THE COMPANY AND ITS IMPLEMENTATION

The Company has always attached importance to reasonable return on investment to investors, and maintained the consistency and stability of the profit distribution policy. In accordance with relevant regulations such as the Notice on Further Implementing Issues concerning Cash Dividends of Listed Companies and the Regulatory Guidelines for Listed Companies No. 3 - Cash Dividend of Listed Companies, the Shareholders' Return Plan for the Next Three Years (2021-2023) after the Issuance was considered and approved at the twenty-first extraordinary meeting of fourth session of the Board of Directors. Meanwhile, the Company clearly stipulates the cash dividend policy, cash dividend conditions and minimum ratio in the Articles of Association. The specific details are as follows:

  1. THE CURRENT DIVIDEND DISTRIBUTION POLICY OF THE COMPANY

In accordance with the Company Law and the Articles of Association, the Company's current dividend distribution policy is as follows:

"Article 212 When the Company is distributing after-tax profits of current year, it should allocate 10% of the profits into the statutory reserve fund.

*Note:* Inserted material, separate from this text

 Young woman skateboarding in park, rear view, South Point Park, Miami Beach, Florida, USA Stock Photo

If the cumulated statutory reserve fund reaches more than 50% of the registered capital of the Company, no further allocation is required.

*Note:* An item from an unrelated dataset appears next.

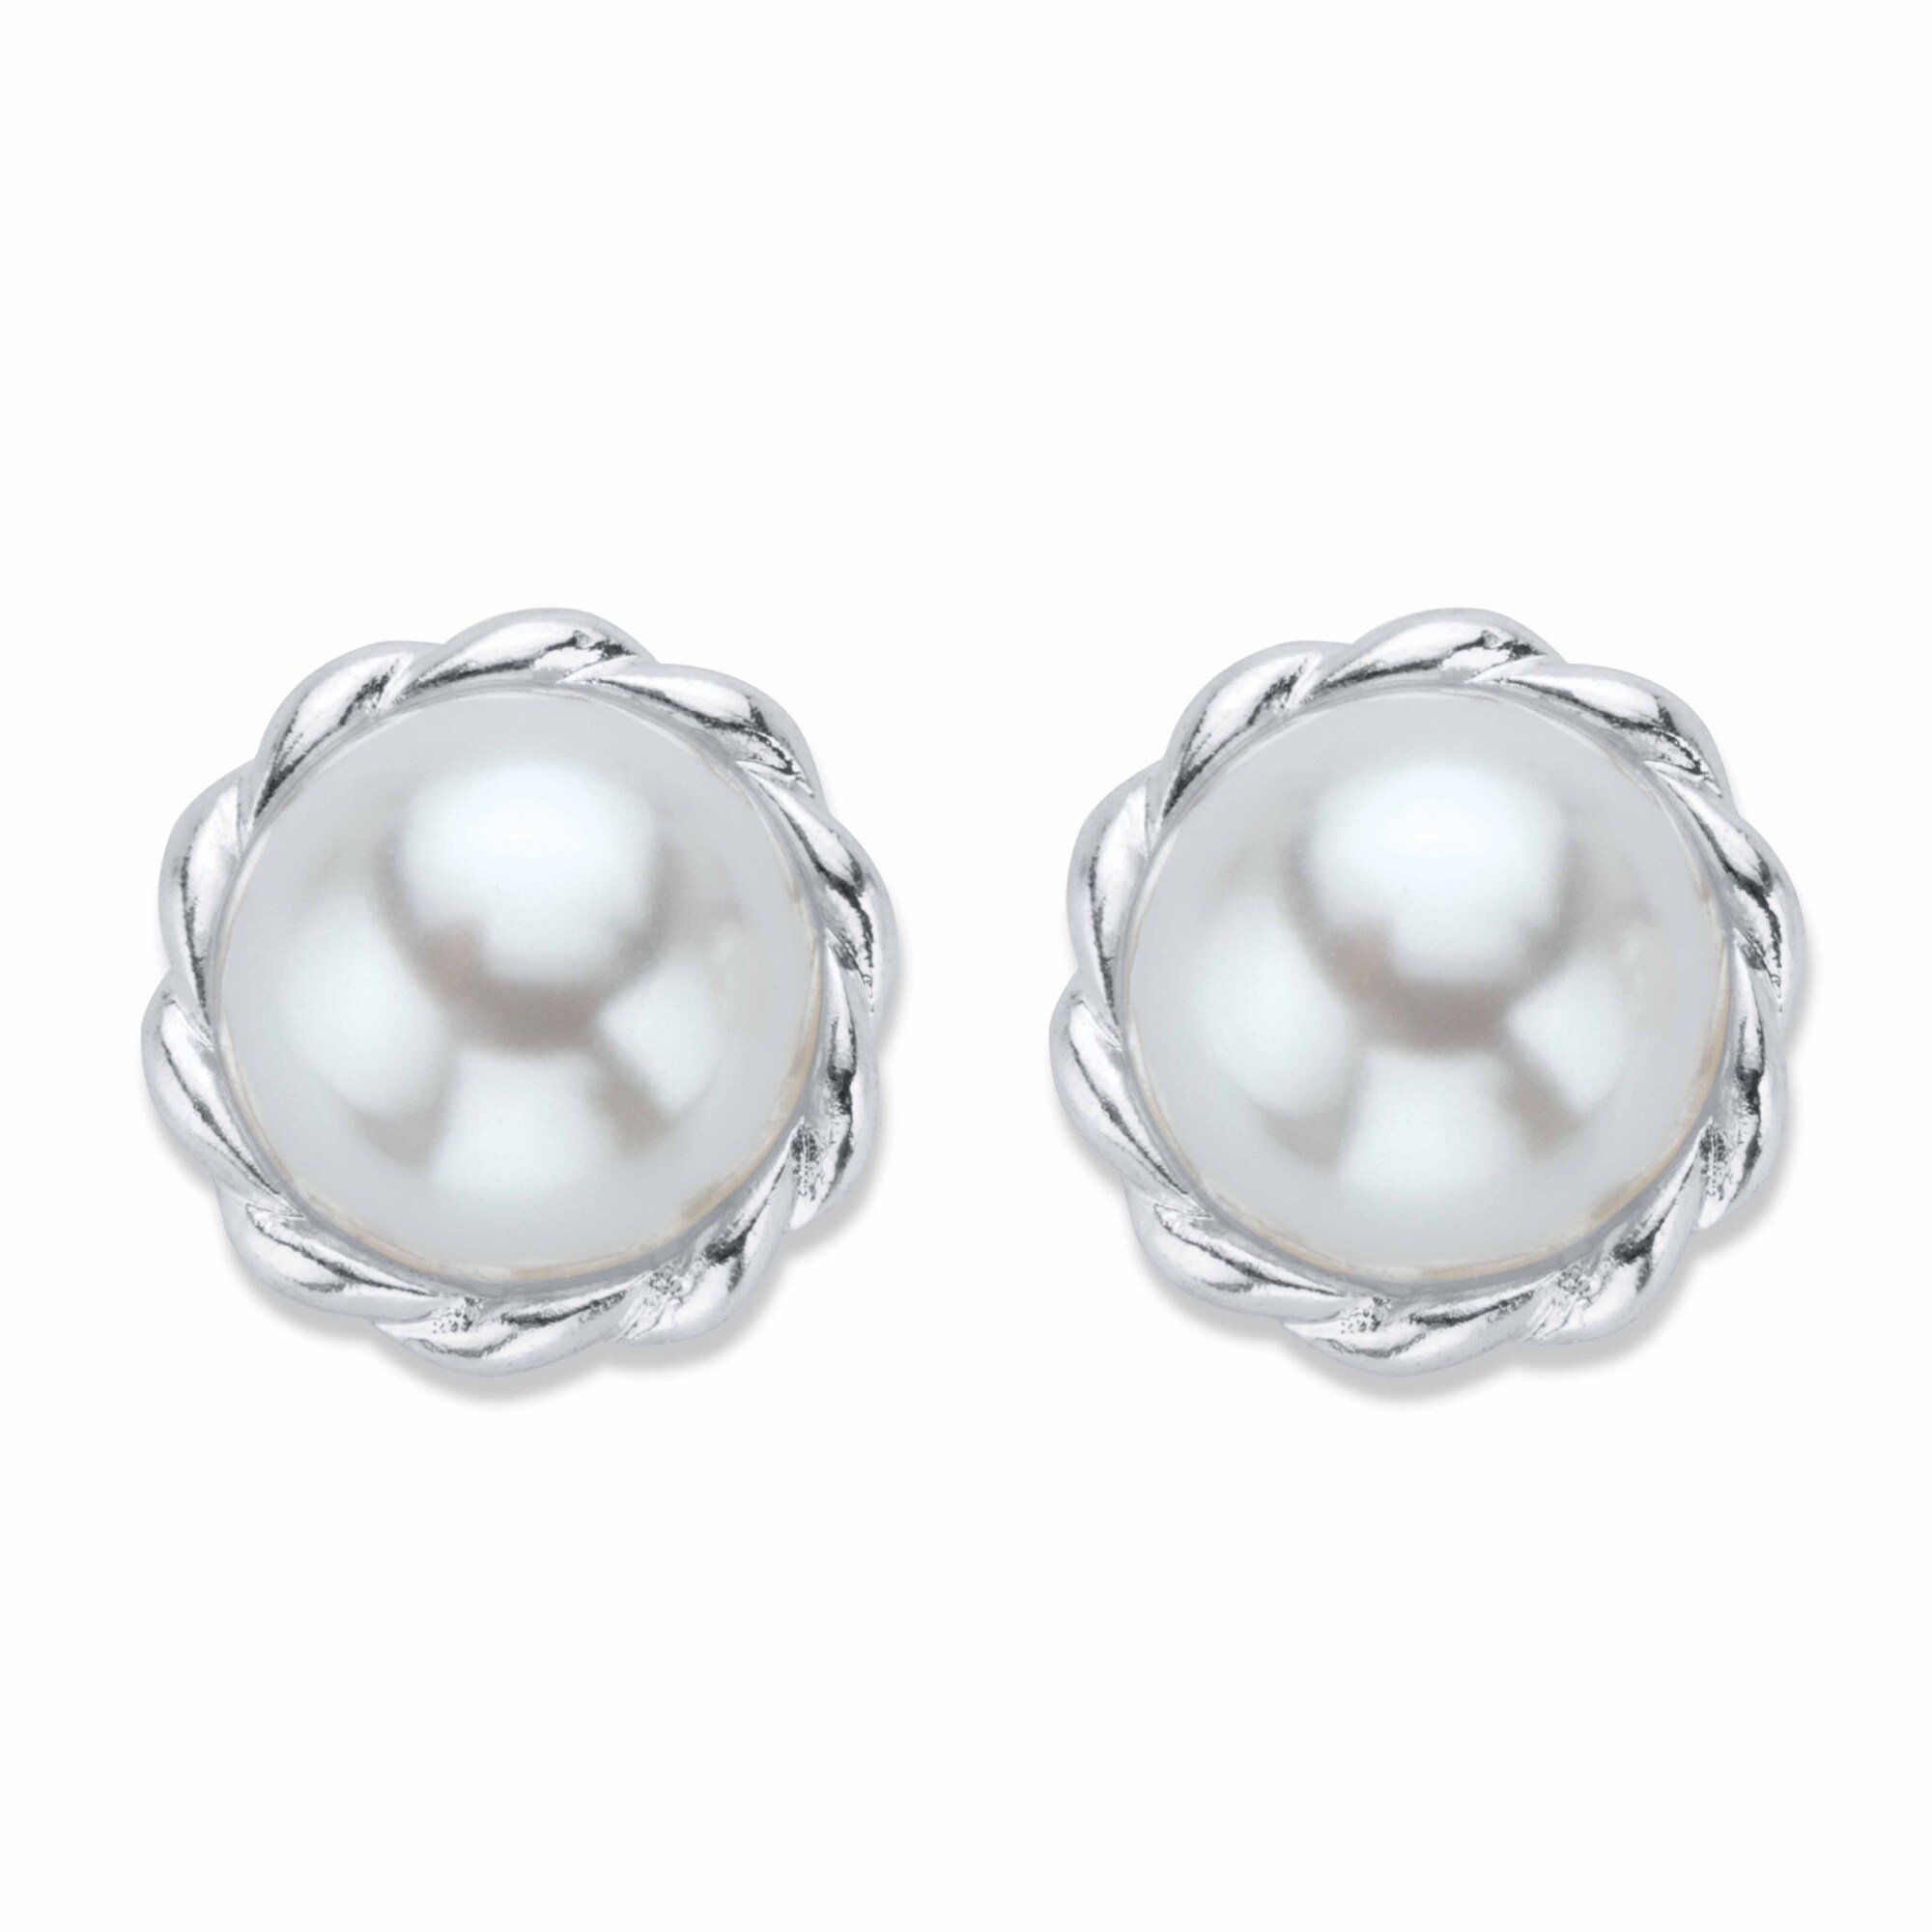 White 10mm Simulated Shell Pearl Earrings on Metal-Free Plastic Posts

When the statutory reserve fund of the Company is insufficient to make up the losses incurred during the previous year, the profits generated during the current year shall be used to make up for such losses, before making allocation to the statutory reserve fund in accordance with the preceding paragraph.

After the Company makes allocation to the statutory reserve fund from the after-tax profits, the Company may, subject to resolution adopted at a general meeting, also allocate funds from the after-tax profits to the discretionary reserve fund.

Any remaining profits, after making up for the losses and allocating the reserve fund, shall be distributed to the shareholders in proportion to their respective shareholdings, except as otherwise specified herein.

If the general meeting distributes profits to the shareholders before making up for the Company's losses and allocating the statutory reserve fund in violation of the provisions of the preceding paragraph, the shareholders must refund the same to the Company.

No profits shall be distributed in respect of the shares held by the Company.

Article 213 The Company may distribute dividends in either or in combination of the following forms:

  1. cash;
  2. stocks.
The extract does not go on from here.